#### AVAILABLE DATA:
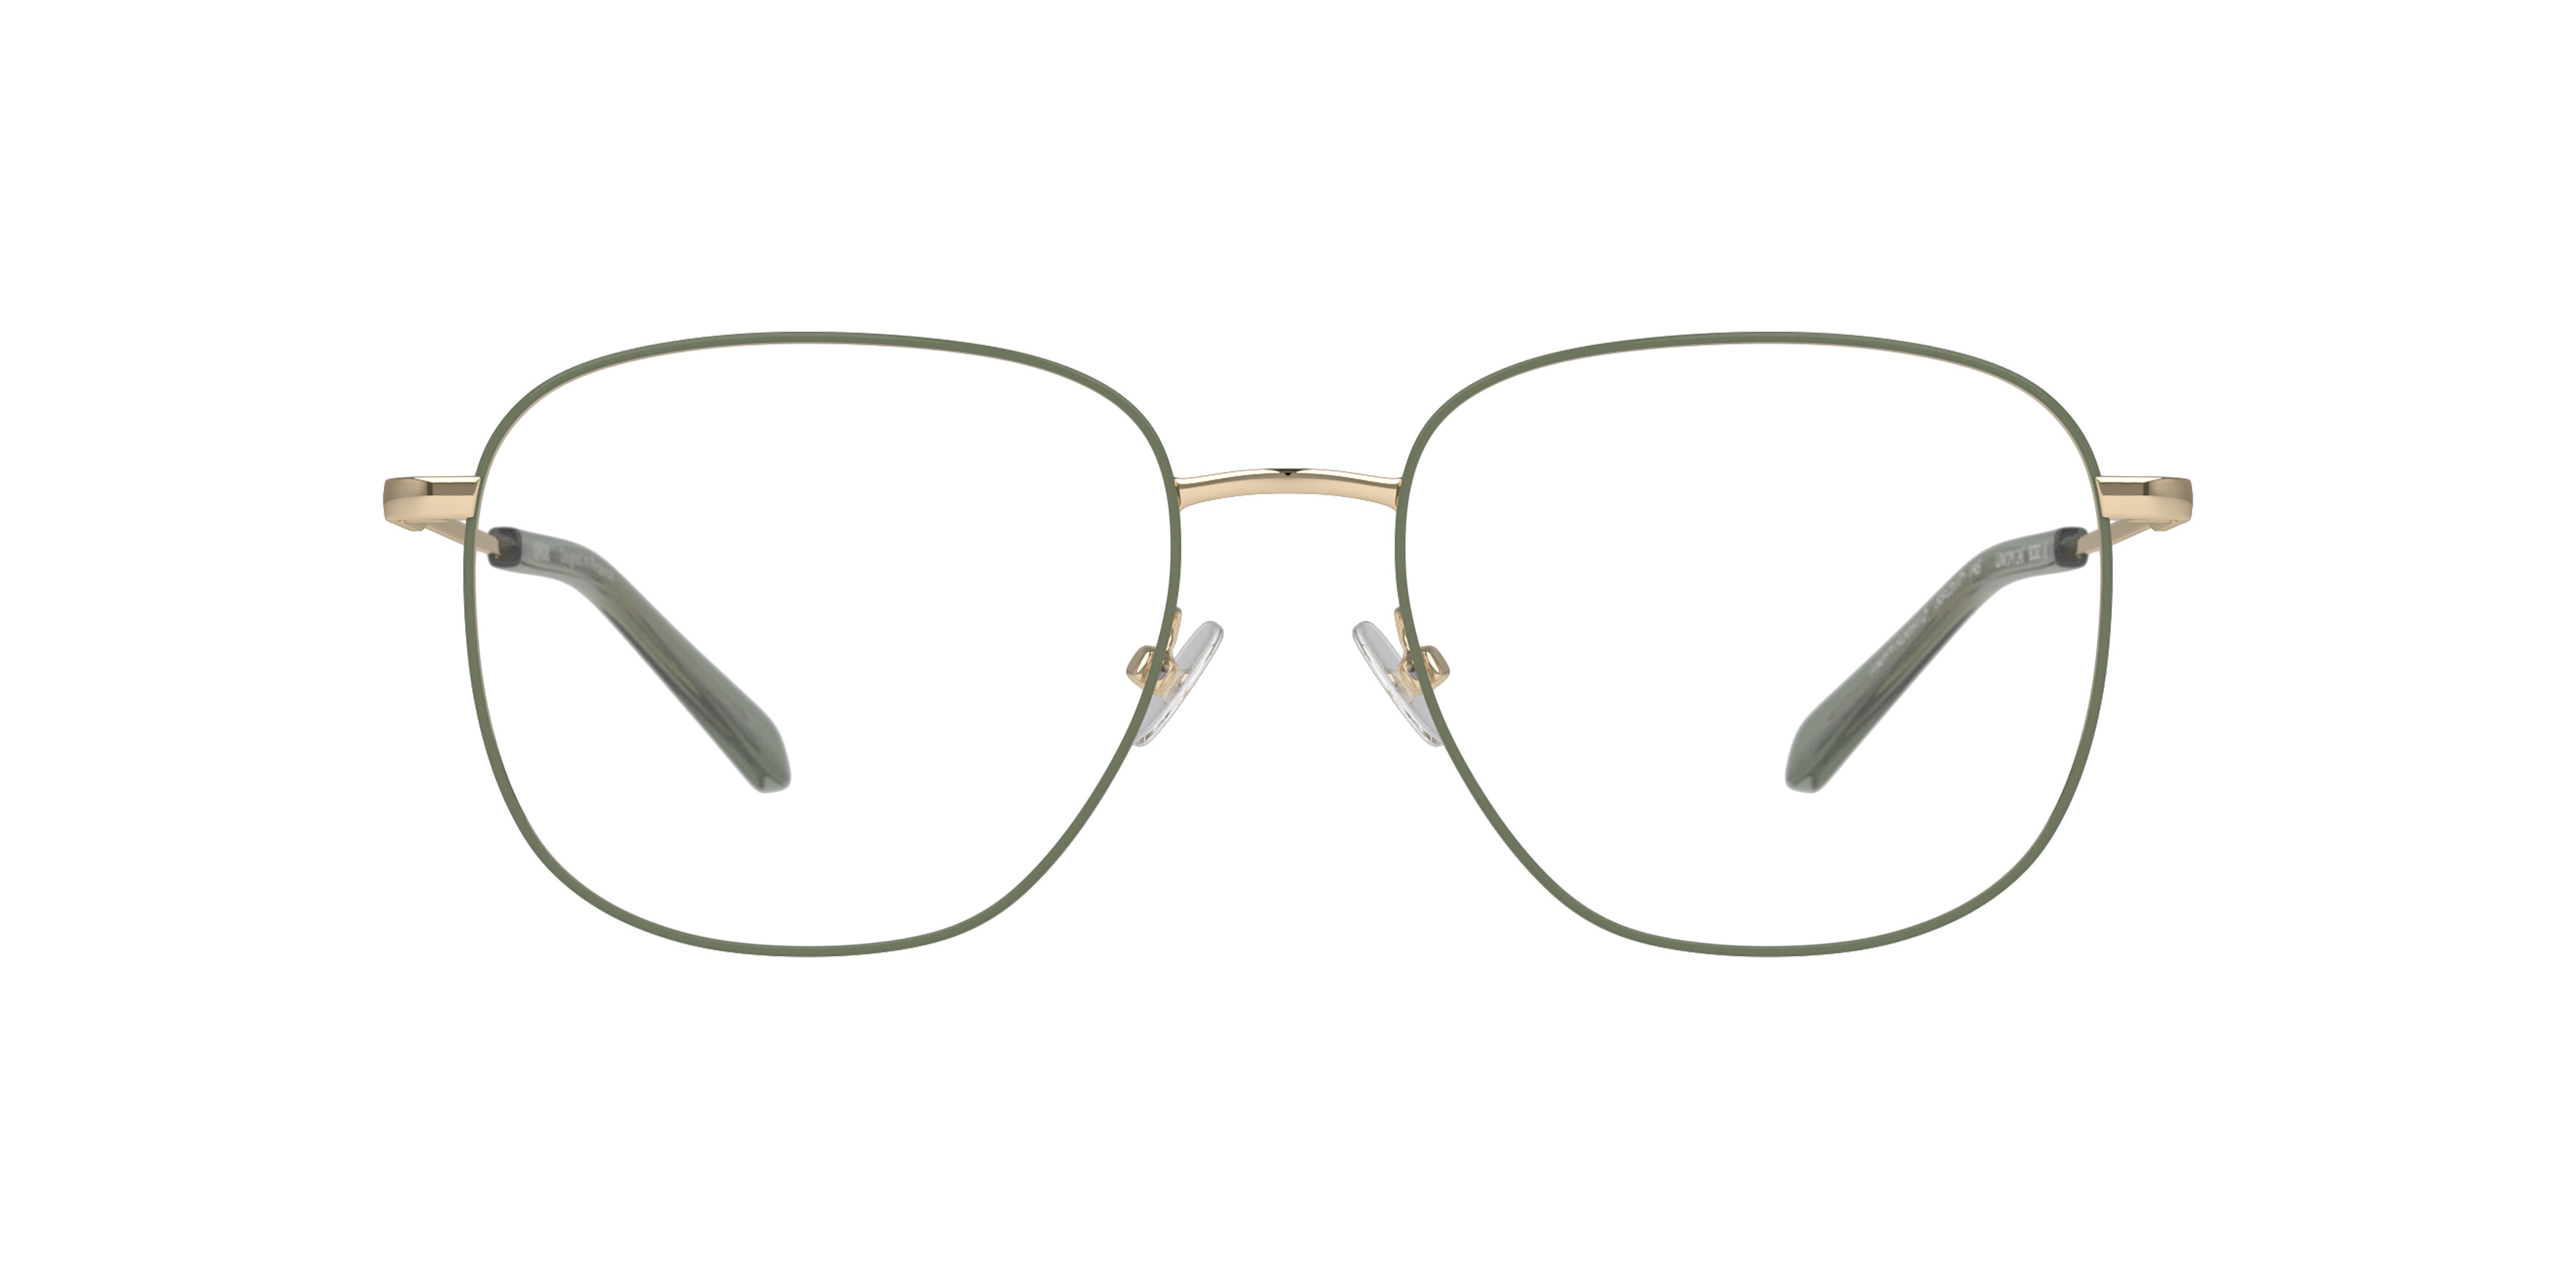 [products.image.front] UNOFFICIAL UNOM0259 ED00 Brille
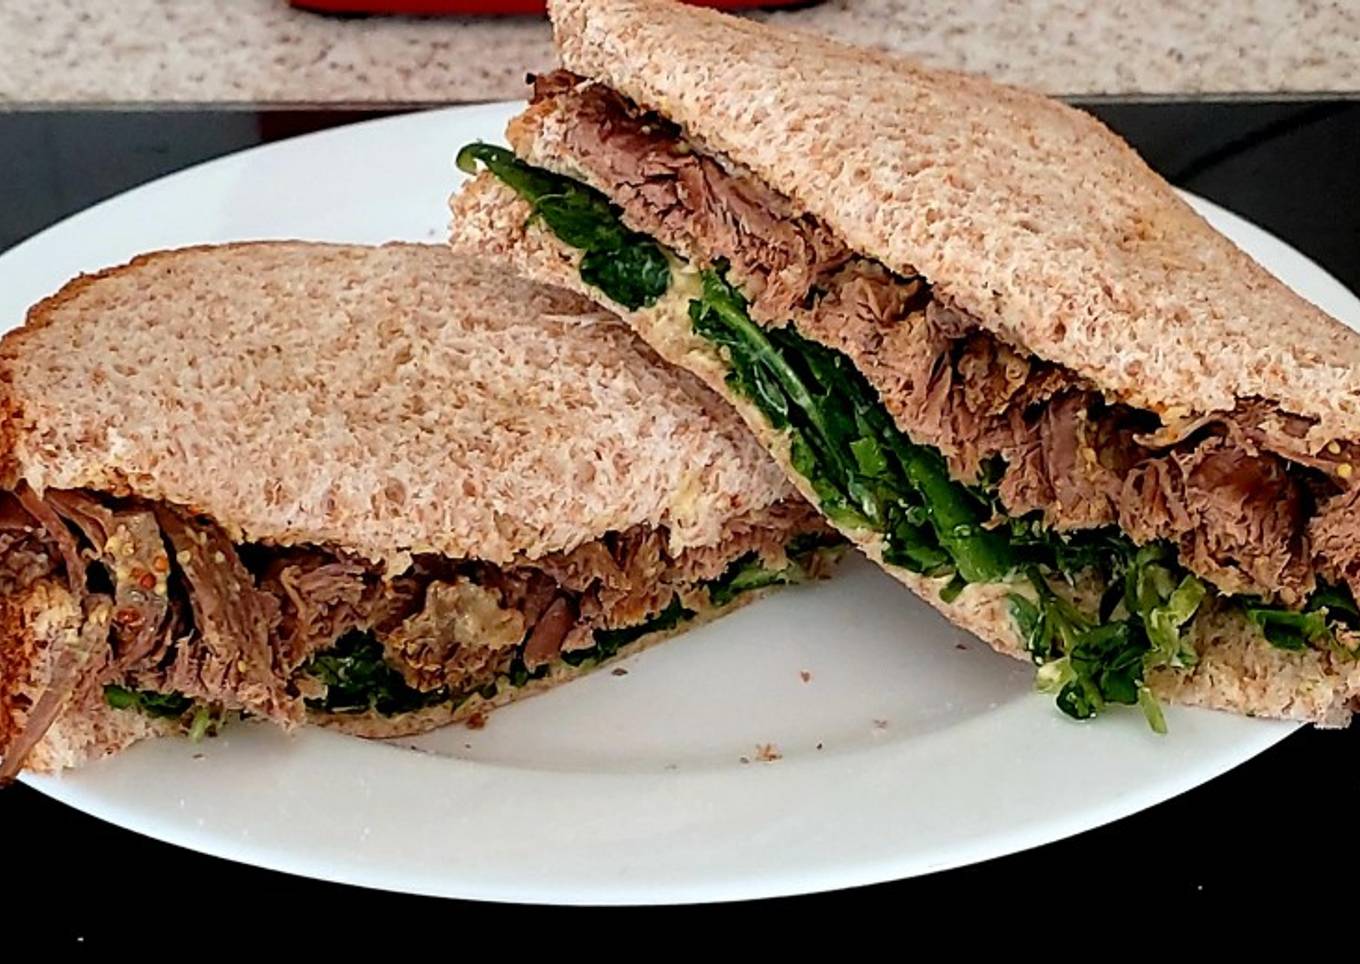 My leftover Triple Beef Sandwich with peppery Rocket and Mustard
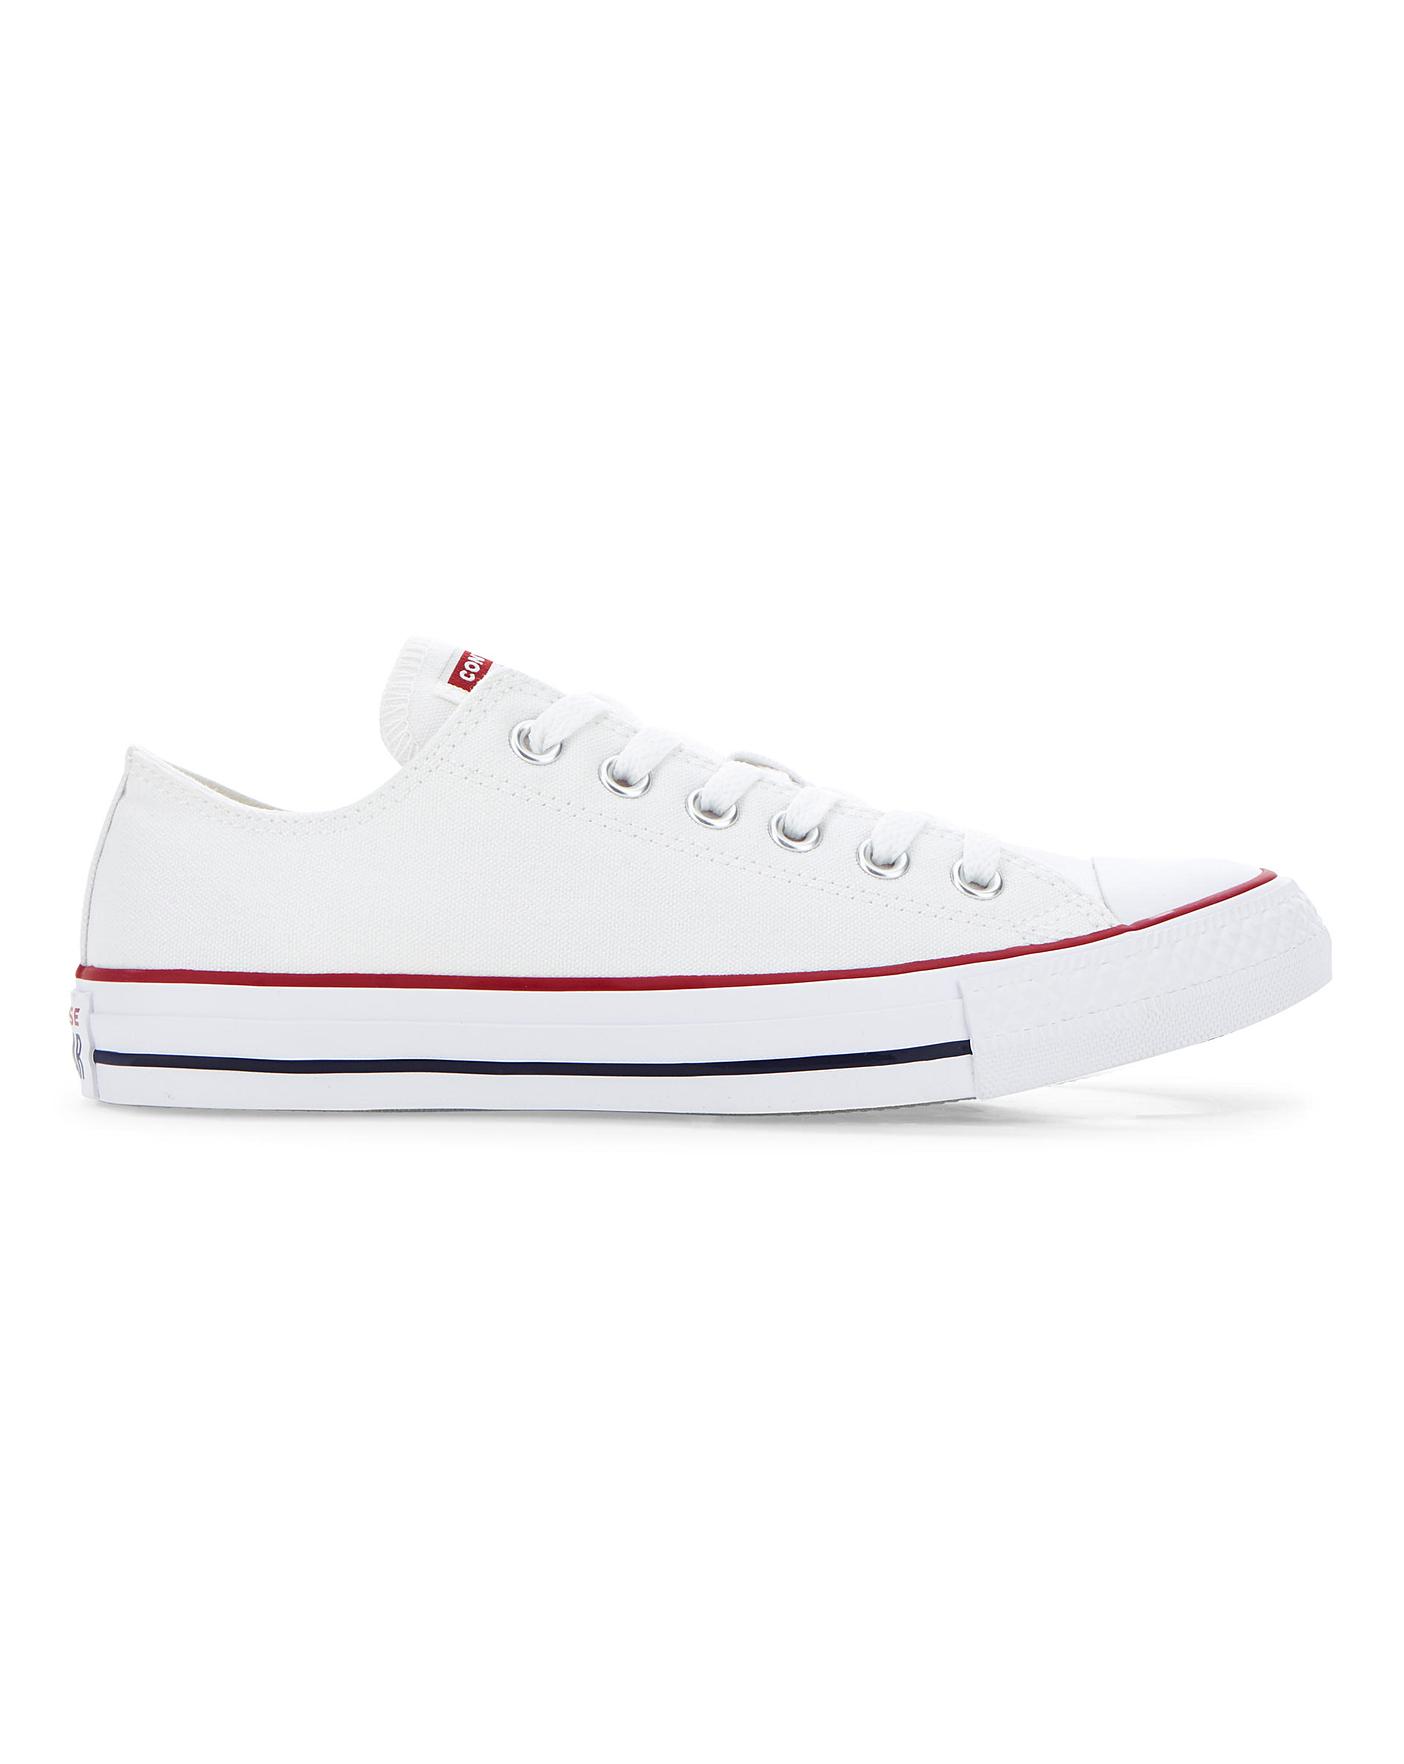 converse all star ox review

#### EXERCISE REQUIREMENTS:
Restate the whole listing above exactly, please, omitting every image.

#### EXERCISE SOLUTION:
 [products.image.front] UNOFFICIAL UNOM0259 ED00 Brille
 My leftover Triple Beef Sandwich with peppery Rocket and Mustard
 converse all star ox review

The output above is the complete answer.